Here’s the problem I’m facing. It doesn’t happen always, and I’ve noticed that typing my password slowly helps to avoid it (maybe some race condition?).
Anyway:
I reach SDDM on a fresh boot, I type my password and hit enter, everything turns black and no KDE splash screen appears.
Eventually I’m dropped into a TTY login prompt (or, when it takes longer, I just go there myself with Ctrl Alt Fsomething).
Again, it doesn’t happen always, but it tends to happen when I type my password somewhat quickly (it’s short and easy to type, so it happens most of the time).

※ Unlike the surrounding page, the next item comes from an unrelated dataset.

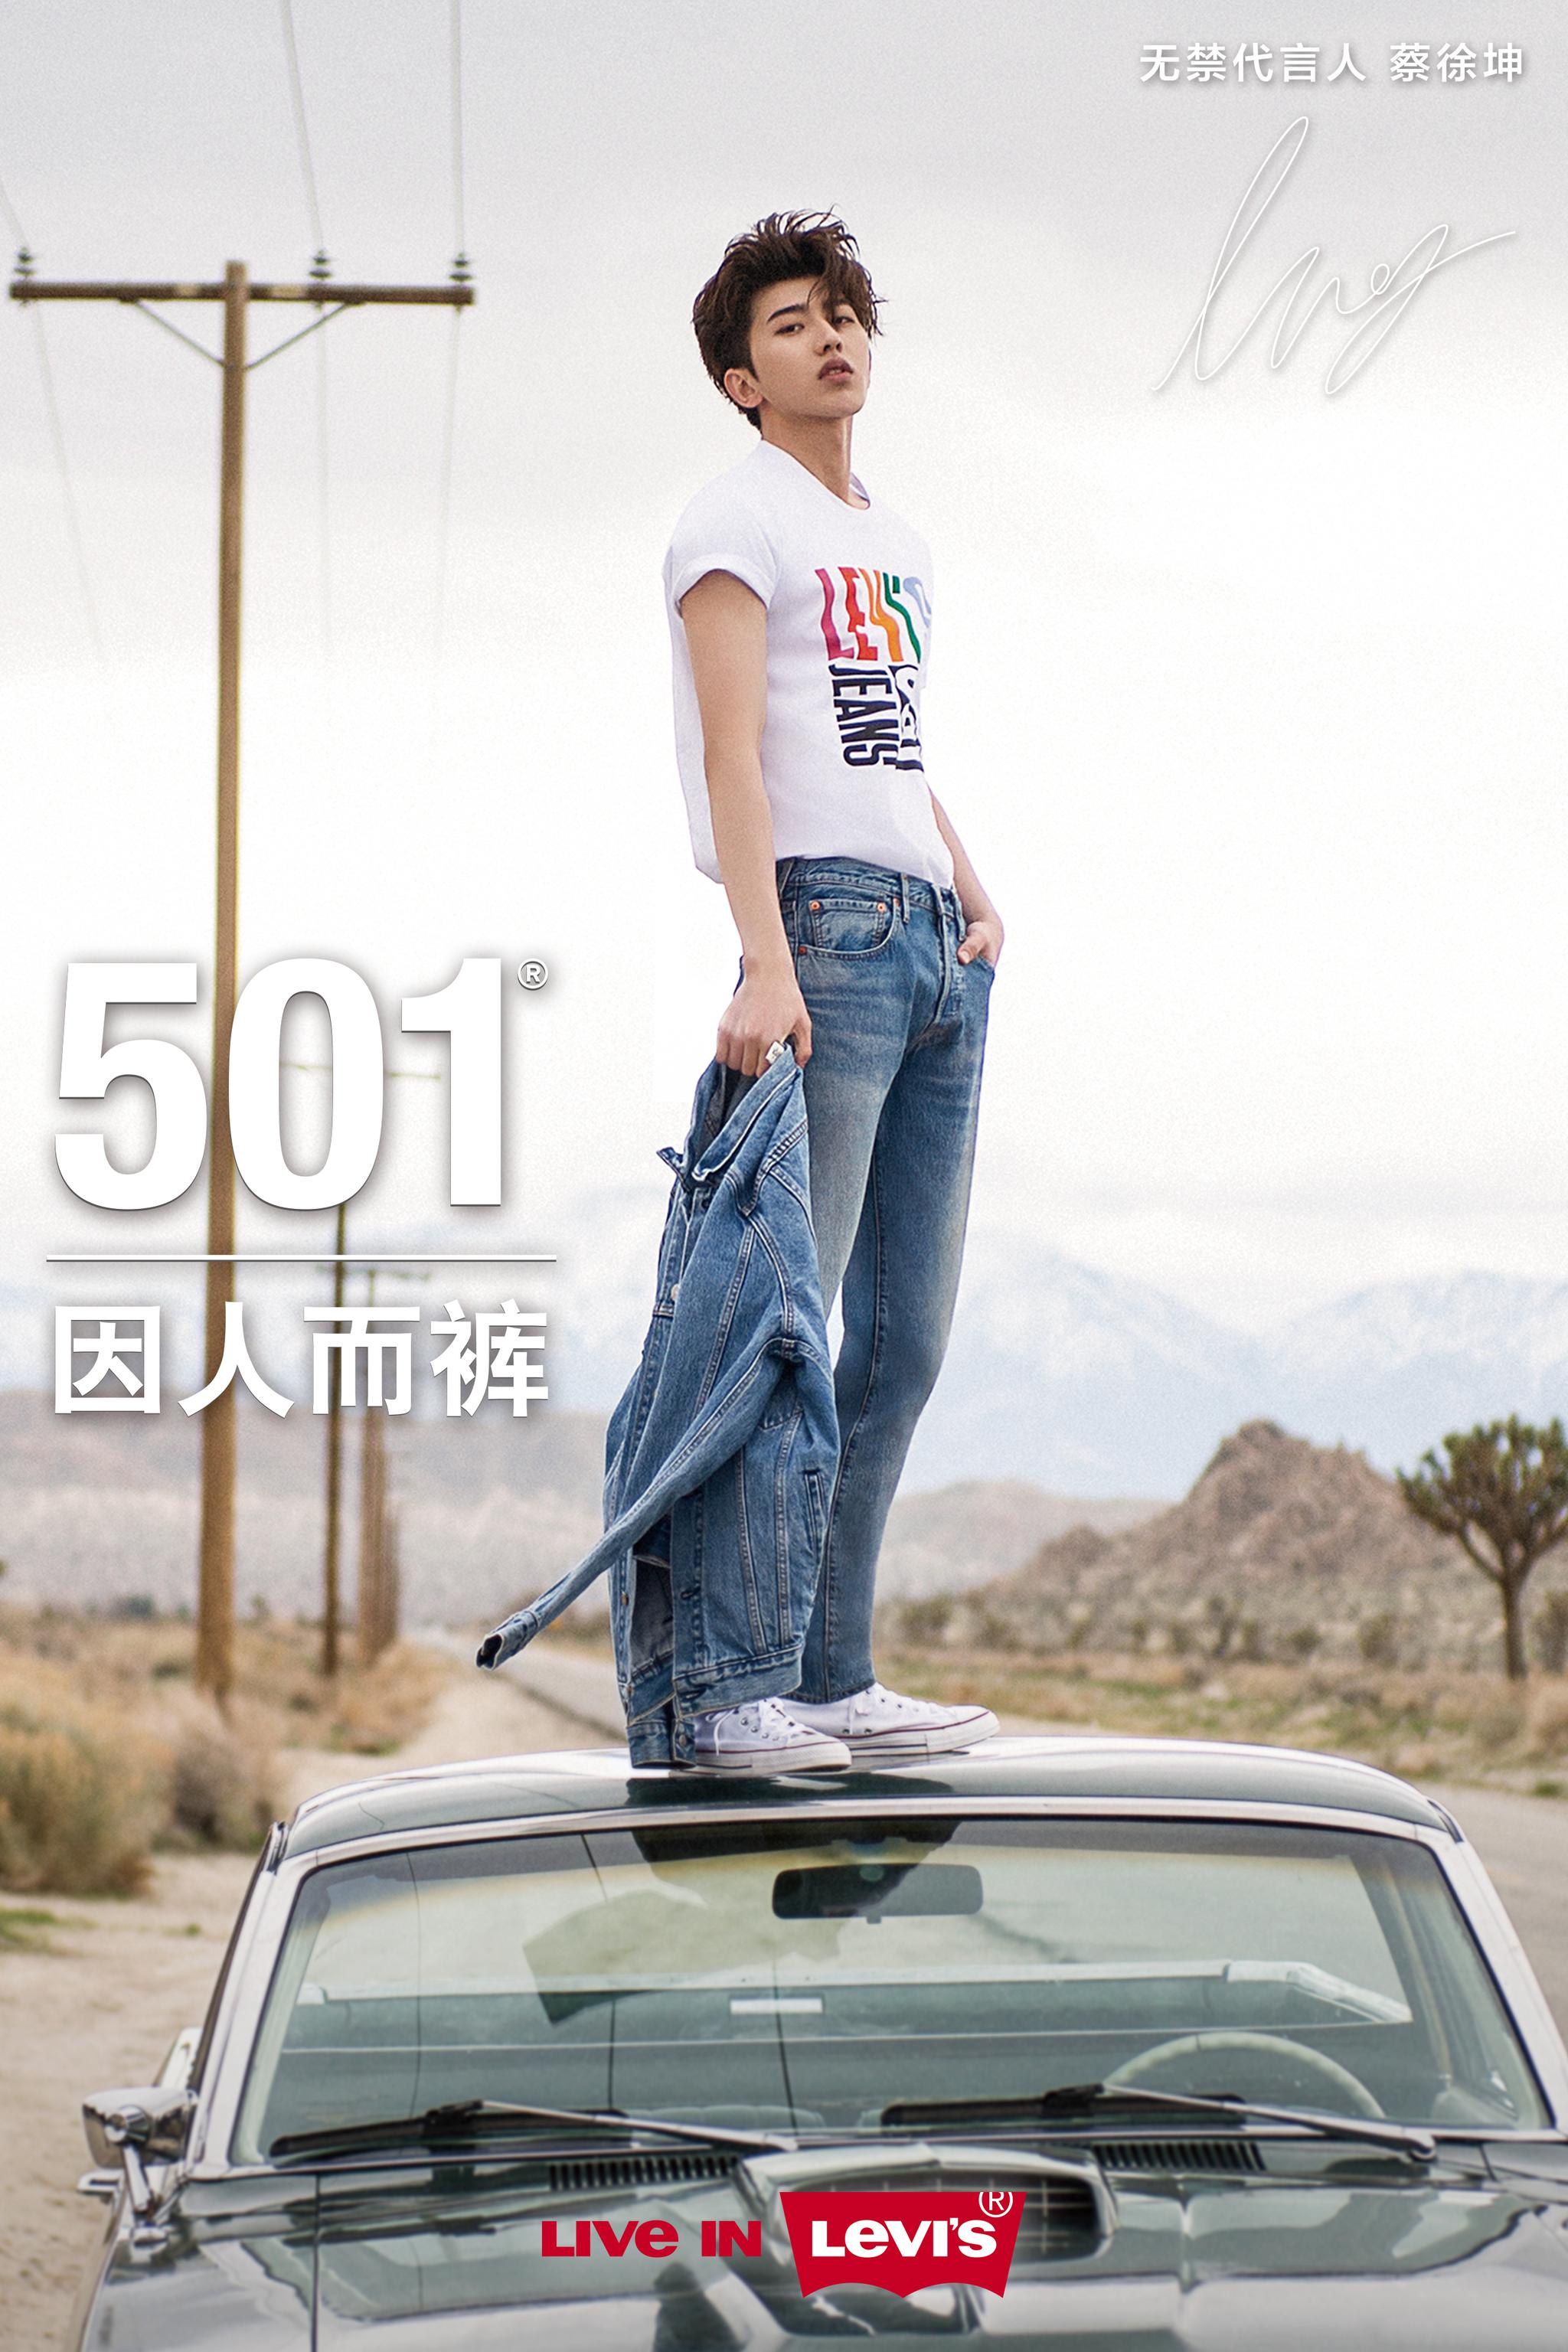 和@Levis中国 一起定制你的501® 经典牛仔裤!另外

Typing it slowly seems to produce successful graphic logins almost every time.
I collected journalctl -b logs for:
- failed login with my user
- failed login with a test user created ad-hoc
- successful login with my user (after entering the password slowly)
Logs are here:
I focused on the sddm-helper part of the log files. In the files with “andrea” in the name (my user), refer to L2320+ (failed log) and L2369+ (successful log).
In the failed attempt, shortly after session opened for user andrea(uid=1000) by andrea(uid=0)
, there’s pam_unix(sddm:session): session closed for user andrea
(i.e. I’m kicked out), which doesn’t happen in the successful case, of course.
The point is, I have no idea what leads to this. I see pretty much the same things being done in between, although with a slightly different order.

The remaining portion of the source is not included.